Yeager remarks about John Harsanyi's defense of utilitarianism,

If Harsanyi's method resembles Rawls's 1971 notion of choice behind a veil of ignorance, the similarity goes to show that such a conception of impartiality need not be a distinctively contractarian one, as Rawls seems to think. (p. 499)

I do not see why Yeager says this. Harsanyi's project is precisely a contractarian argument for utilitarianism.

Also, his criticism of Nozick's use of the Lockean proviso seems to me wrong. He says, "Nozick misapplies the Lockean proviso anyway, since it concerns original acquisition of property, not its retention in the face of changed circumstances of other persons" (p. 507). But Nozick is endeavoring to construct his own theory, rather than to interpret Locke. If his theory differs from Locke's, it is not by that fact alone shown to be mistaken.

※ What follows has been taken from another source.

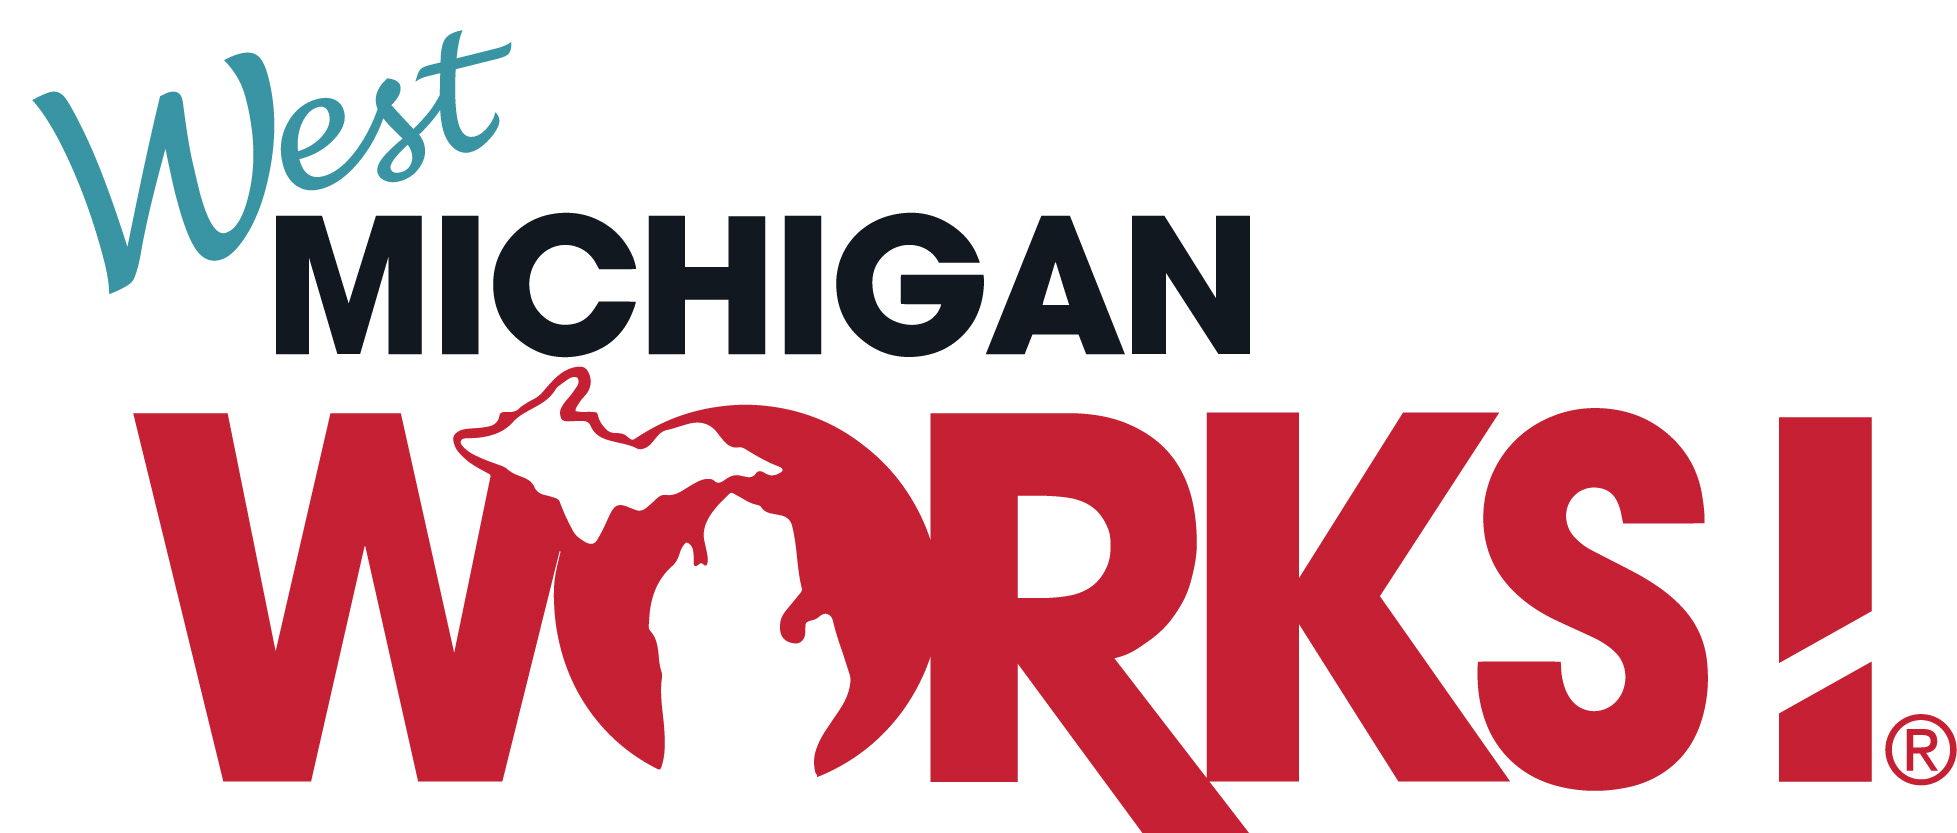 West Michigan Works logo
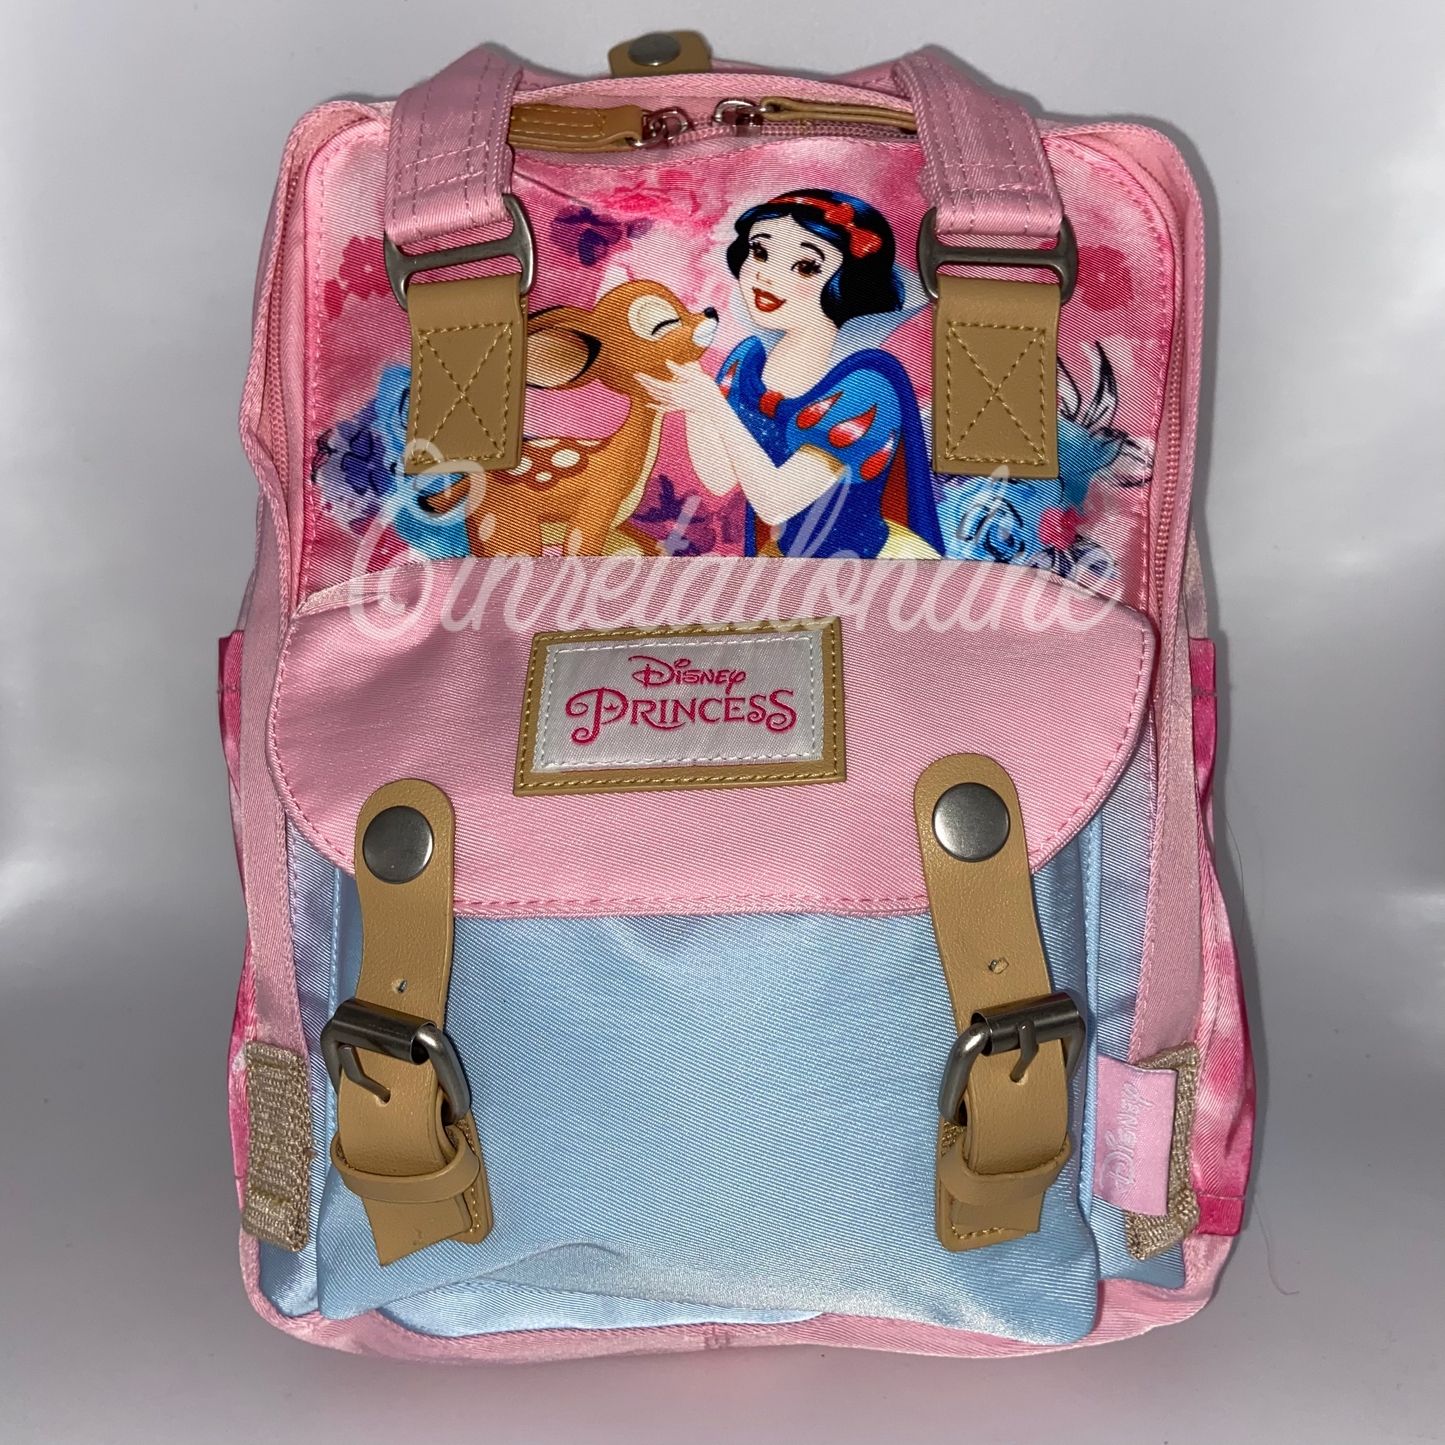 Snow White mini backpack

These are minor matters. One leaves Yeager's outstanding book with admiration for the author's learning, incisive arguments, and love of liberty. Yeager mentions more than once Ayn Rand's criticism of "second-hand" thinkers. He is no second-hander but rather a proudly original thinker and scholar.

  • 1I am not sure there is even the appearance of inconsistency in Yeager's own presentation. His examples of analytic tautologies in economics, such as Walras's Law and the equation of exchange, do not come from Mises. Perhaps he did not intend his account to apply to praxeology at all. But it manifestly does apply; and, in any case, Yeager cites the law of comparative advantage as a tautology (pp. 273–74) and this is part of Mises's economics.
  • 2I have translated this, I hope correctly, from the original Interlingua. This is an artificial language Yeager has long championed. Fortunately for me, all of the other essays are written in English. The essay slightly misspells Father Häring's name.